When it comes to the survival analysis in relation to the type of surgery, AF significantly worsened the prognosis in all of the analyzed procedures, which is consistent with the higher prevalence of peri-operative complications. The worst outcomes were reported for CABG and curves diverged after 10 days, which may be partially explained by the previously proposed influence of AF on early graft failure. Surgical ablation should be considered in such cases, as a significant improvement in prognosis was previously reported, especially in lower-risk patients23.

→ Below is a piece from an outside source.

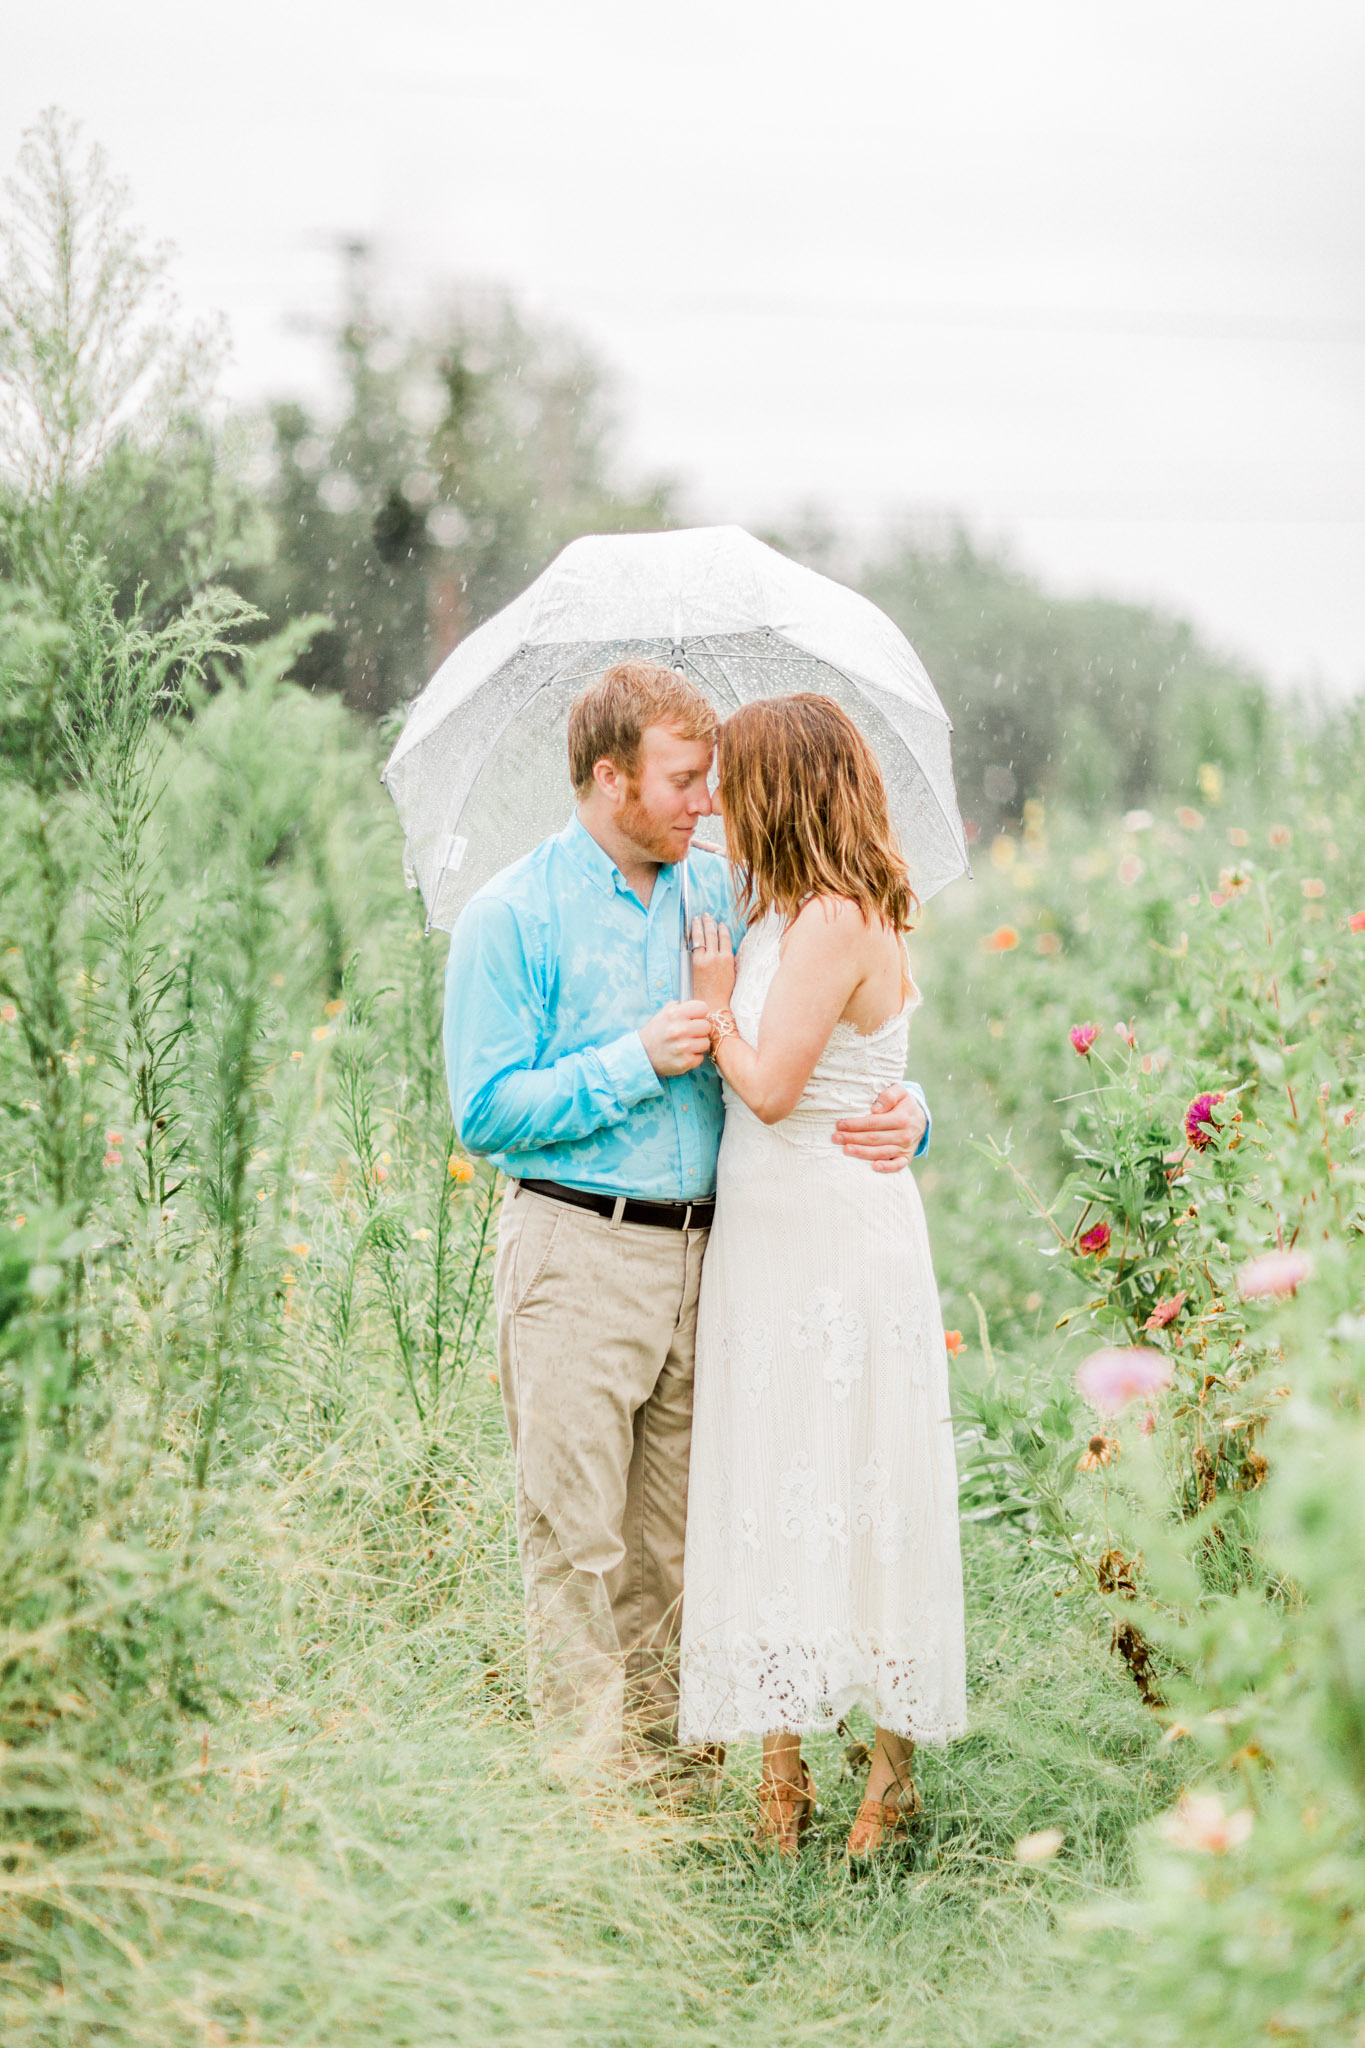 Wichita Falls, TX Engagement Photos - Garden Photography

Our study proves that in the group of patients with AF EuroSCORE II overestimated mortality in low- and very-high-risk patients. Its discriminative power is significantly lower in the group of patients with AF, particularly those undergoing CABG. Future efforts in the development of EuroSCORE III should focus on taking into consideration minimally invasive approaches in cardiac surgery, e.g., transcatheter aortic valve implantation (TAVI), off-pump coronary artery bypass (OPCAB) or minimally invasive mitral valve surgery (MIMVS). There are also a few more alarming outcomes that require further investigation. This analysis demonstrated that AF is not a benign co-morbidity, but a serious condition that deeply affects prognosis after cardiac procedures. In the future, more emphasis should be placed on research focusing on the prevention of the most common complications. With epicardial left atrial appendage closure and the Cox-maze ablation, modern surgery offers effective treatment options that may improve short- and long-term outcomes in patients with concomitant AF.

Limitations

Limitations of EuroSCORE II scoring system are inherent and translatable to the current analysis as well. EuroSCORE II by initially not including predefined factors such as neurological condition, blood panel counts, BMI, race, level of coronary stenosis etc. makes the general accuracy of the model lower in the specific subsets of patients underrepresented in the initial EuroSCORE II study cohort. One limitation of the current analysis is the lack of detailed information on AF in the KROK registry—we could not stratify patients depending on the type of AF (paroxysmal vs permanent) nor on the AF duration and association of outcomes with the type, doses, duration and adherence to OAC. Second, differences in the protocols and patient management, particularly during intensive care unit (ICU) stay, exist across participating centres. We have made an attempt to minimize the institutional bias by placing the time-frames of the study to best represent the contemporary surgical and ICU practice, yet not to overlap with COVID—19 pandemic which has made an early diagnosis and access to heart surgery care more difficult in the recent 3 years. However, it resulted in the inclusion a of relatively small group of high and very high-risk patients. Third, the current analysis does not assess the long-term outcomes; such an analysis could shed further light on the impact of initial EuroSCORE II on out-of-hospital outcomes as well. Finally, in our analysis all models failed the Hosmer–Lemeshow tests. Knowing concerns linked with the Hosmer–Lemeshow test, we decided to use also calibration plots in our analysis as well.

Conclusions

The main findings of this study are that while EuroSCORE II is a good predictor of outcomes for the general population, it is more accurate for patients with concomitant AF. However, EuroSCORE II underestimated mortality rates for patients with low-to-moderate risk. Additionally, its ability to distinguish between high- and low-risk patients was lower for those with AF, especially those undergoing coronary artery bypass grafting, indicating that its use should be cautiously used in these groups.